▶ _DATASET_
↓

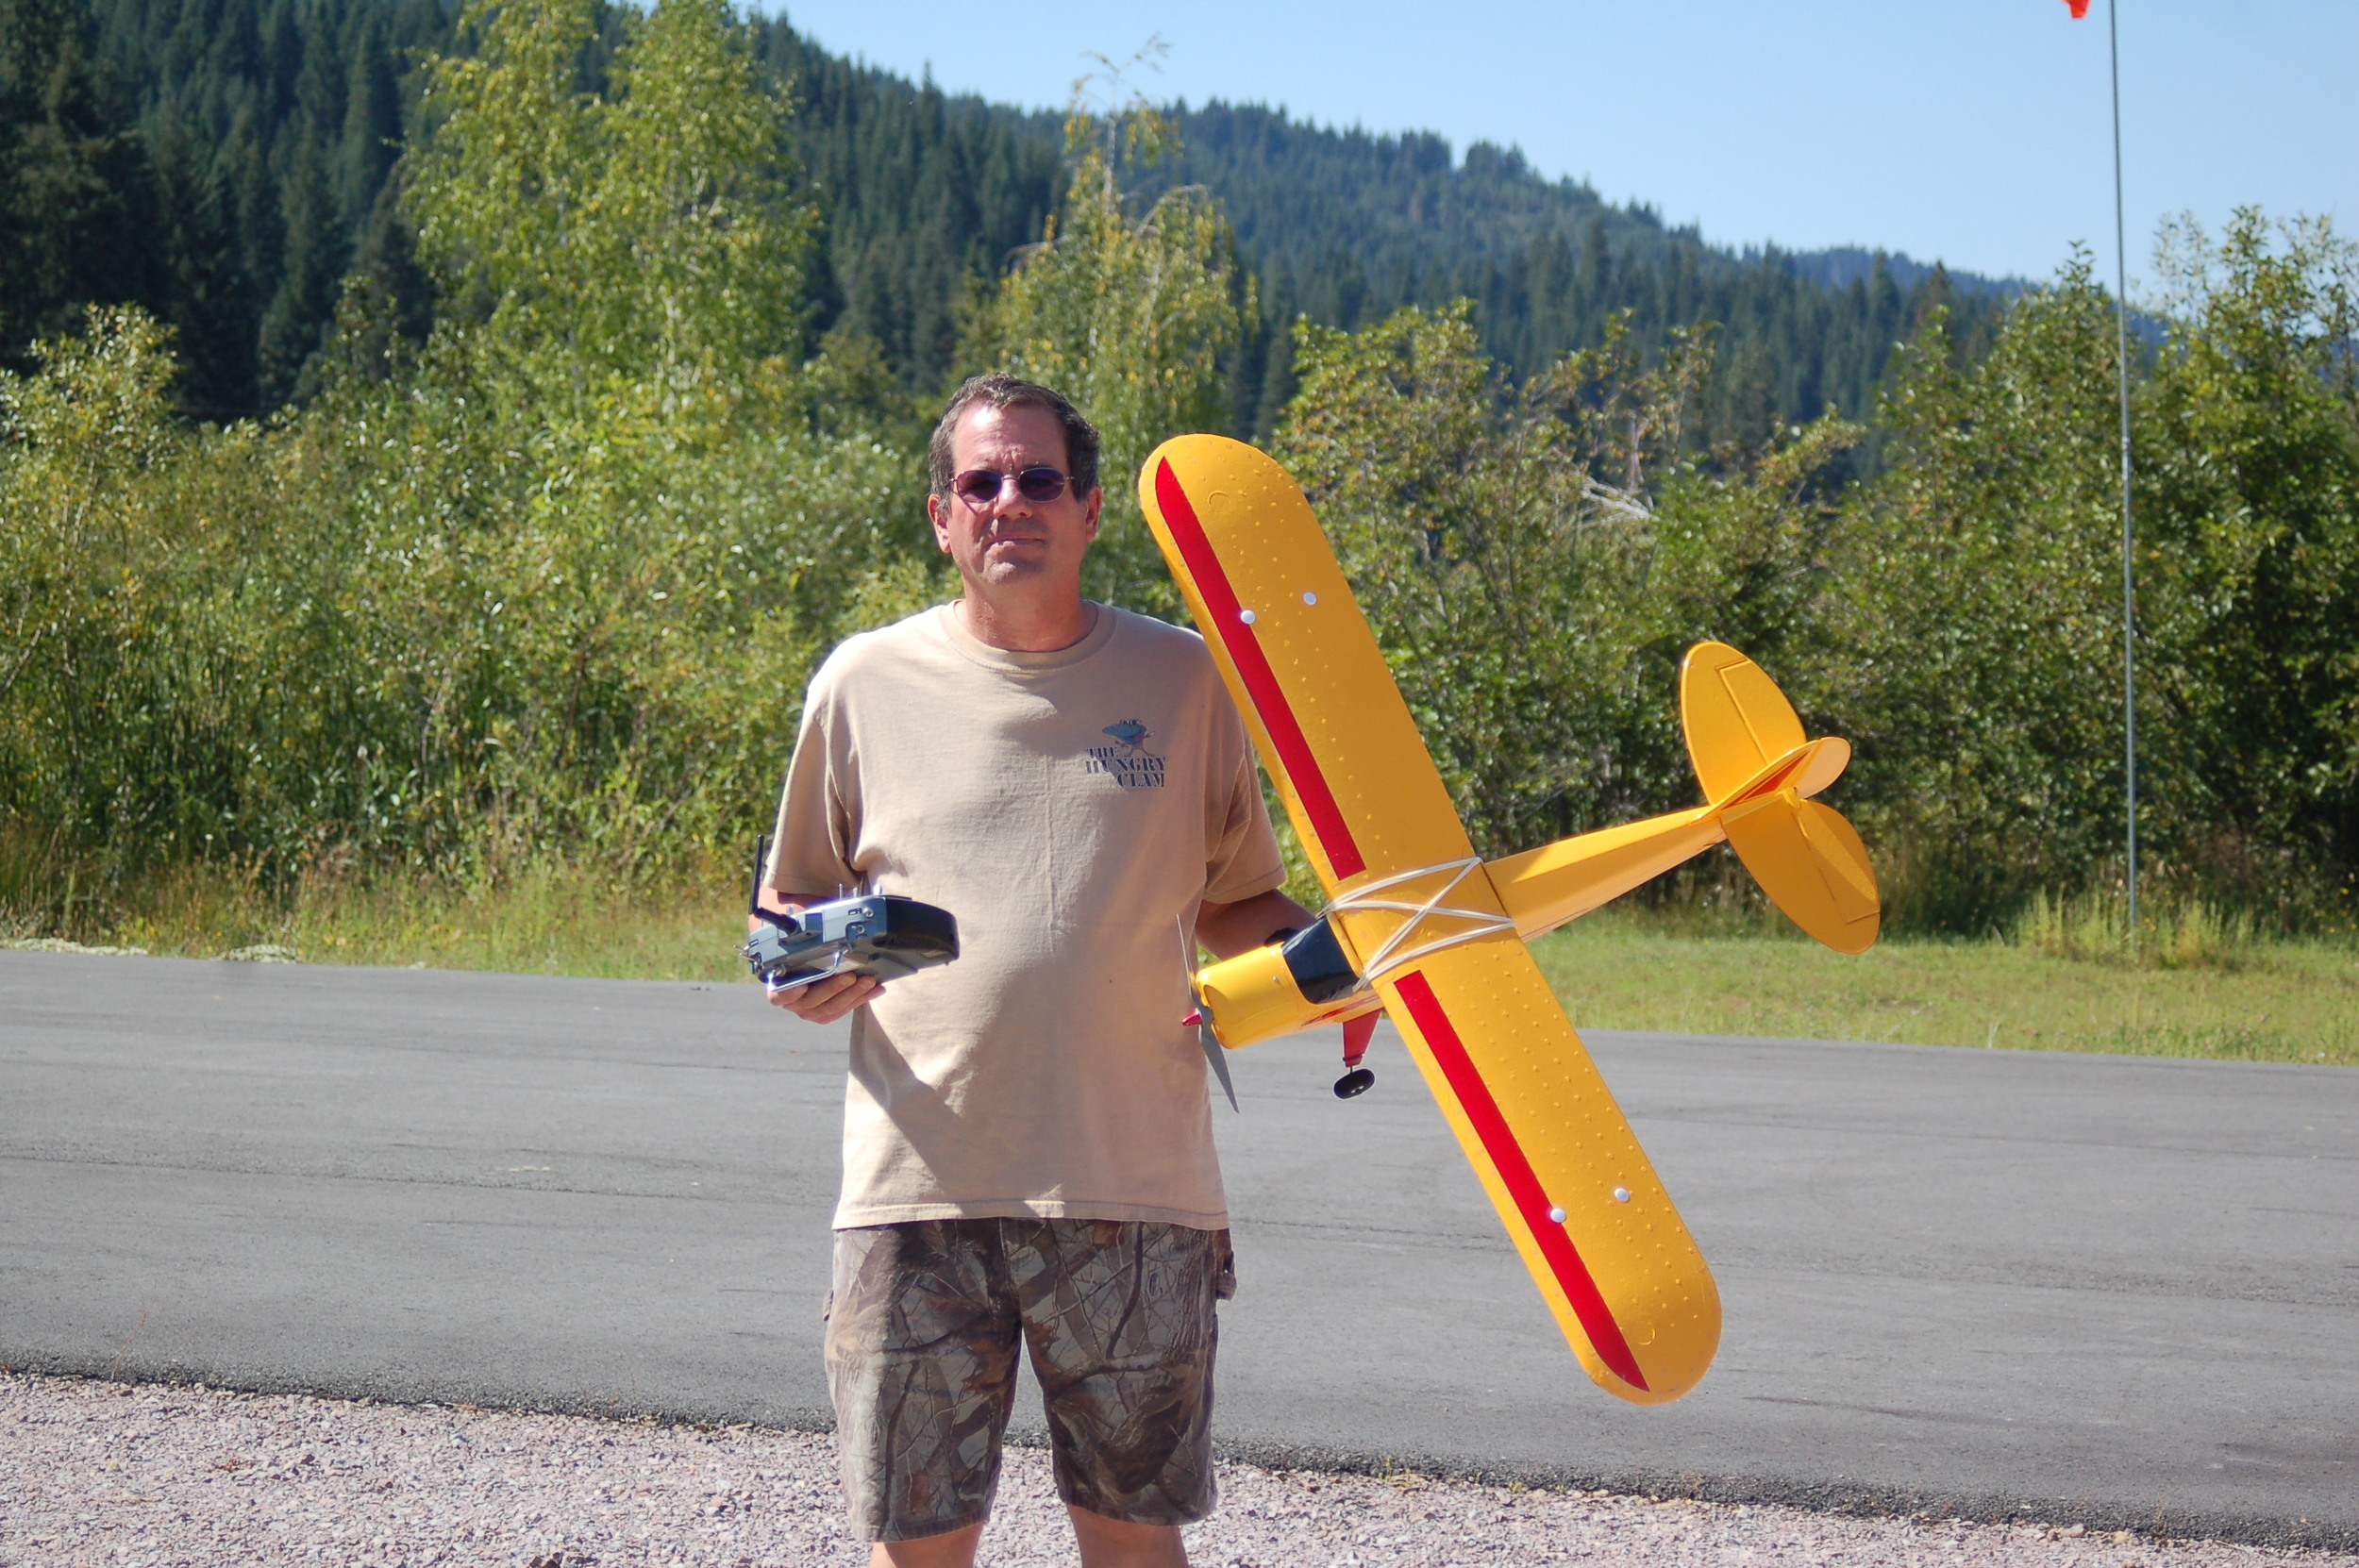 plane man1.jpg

↑
↓

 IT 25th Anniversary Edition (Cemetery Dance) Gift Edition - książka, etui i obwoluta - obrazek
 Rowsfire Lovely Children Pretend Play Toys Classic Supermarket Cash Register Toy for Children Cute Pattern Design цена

↑
↓

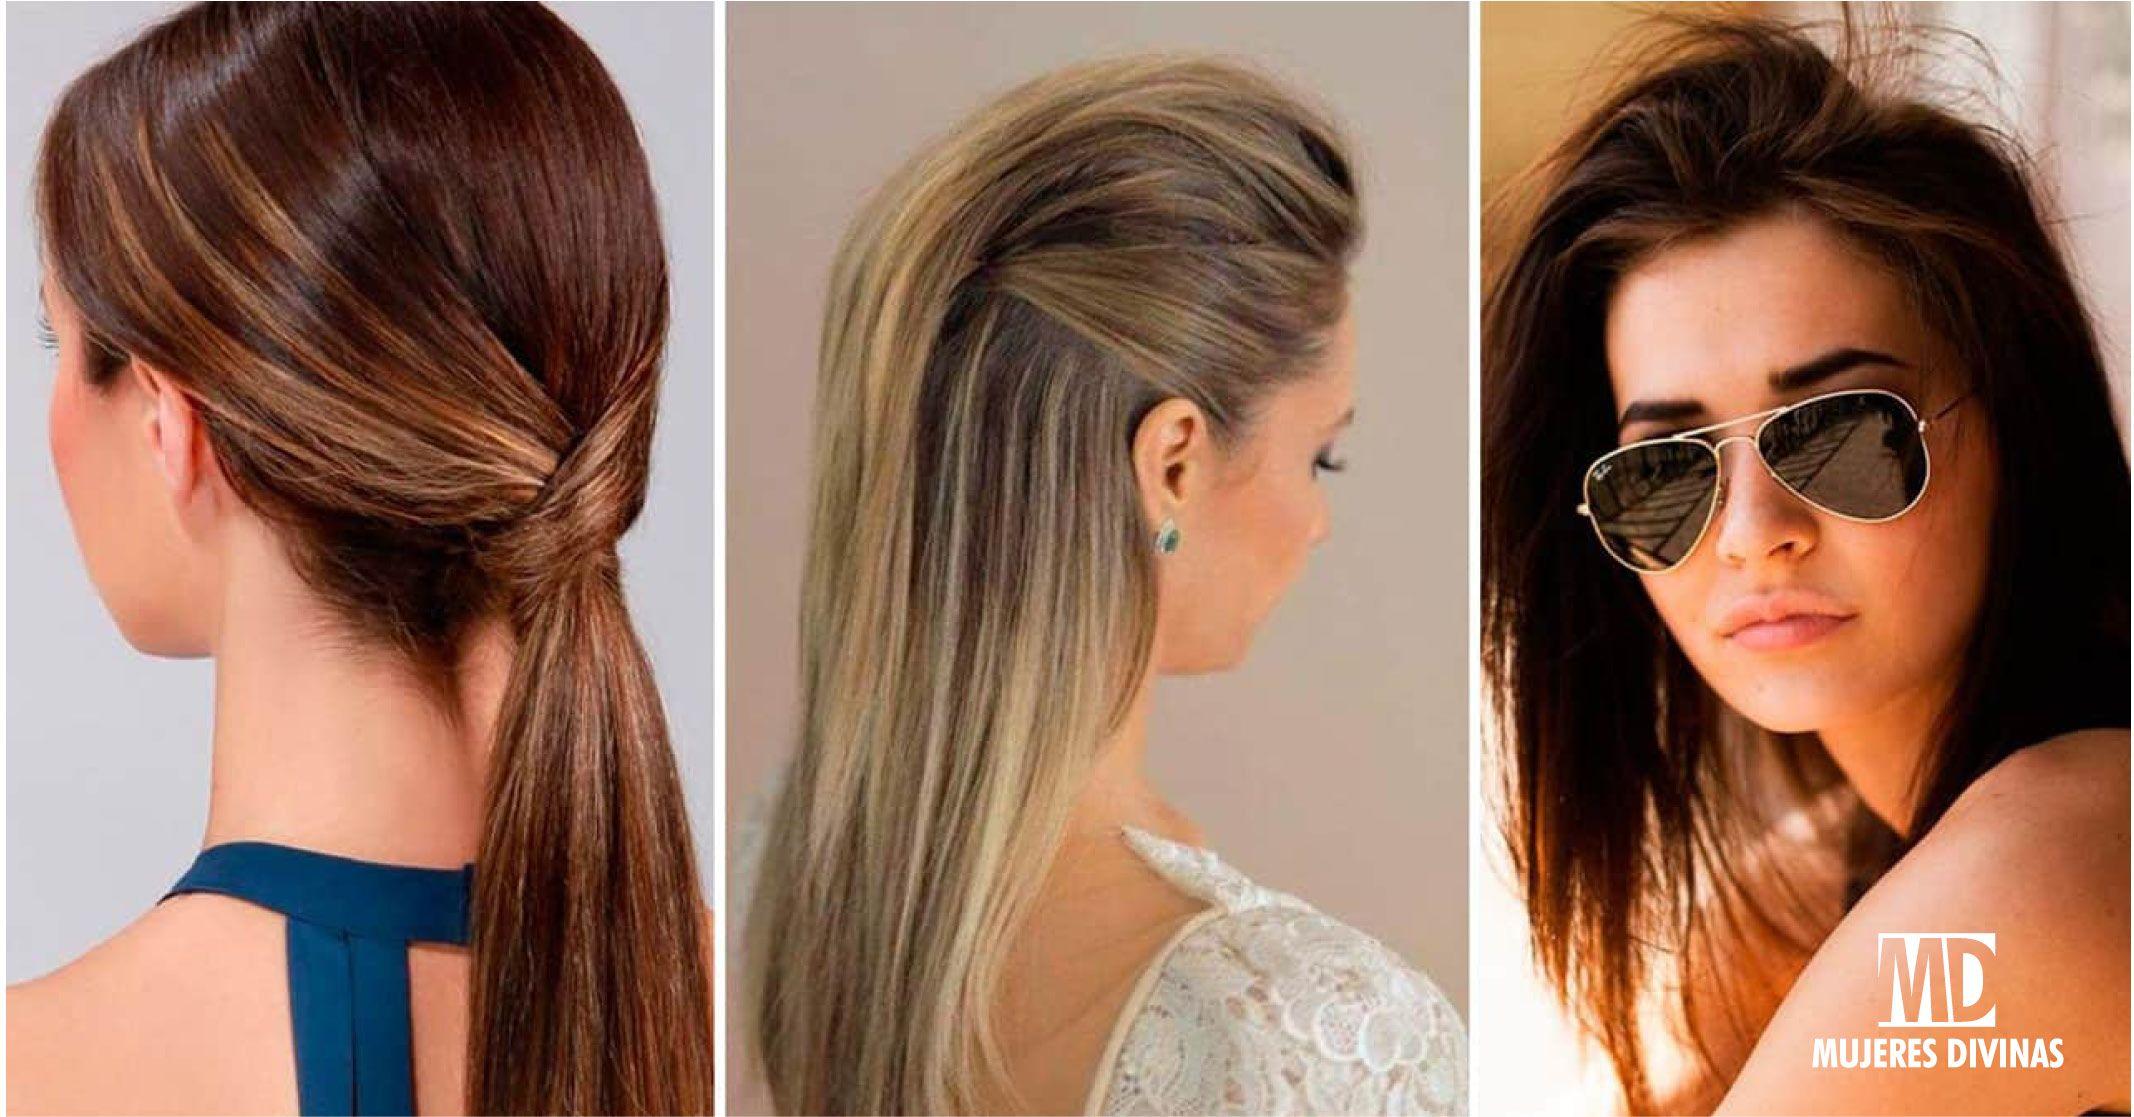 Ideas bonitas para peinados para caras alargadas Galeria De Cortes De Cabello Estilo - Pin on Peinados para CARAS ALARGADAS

↑

▶ _TASK STATEMENT_
Everything above from the line containing "IT 25th Anniversary" down to the line containing "Rowsfire Lovely Children" is to be transcribed exactly, with both of those lines included and nothing else added.

▶ _SOLUTION TO THE PROBLEM_
 IT 25th Anniversary Edition (Cemetery Dance) Gift Edition - książka, etui i obwoluta - obrazek
 Rowsfire Lovely Children Pretend Play Toys Classic Supermarket Cash Register Toy for Children Cute Pattern Design цена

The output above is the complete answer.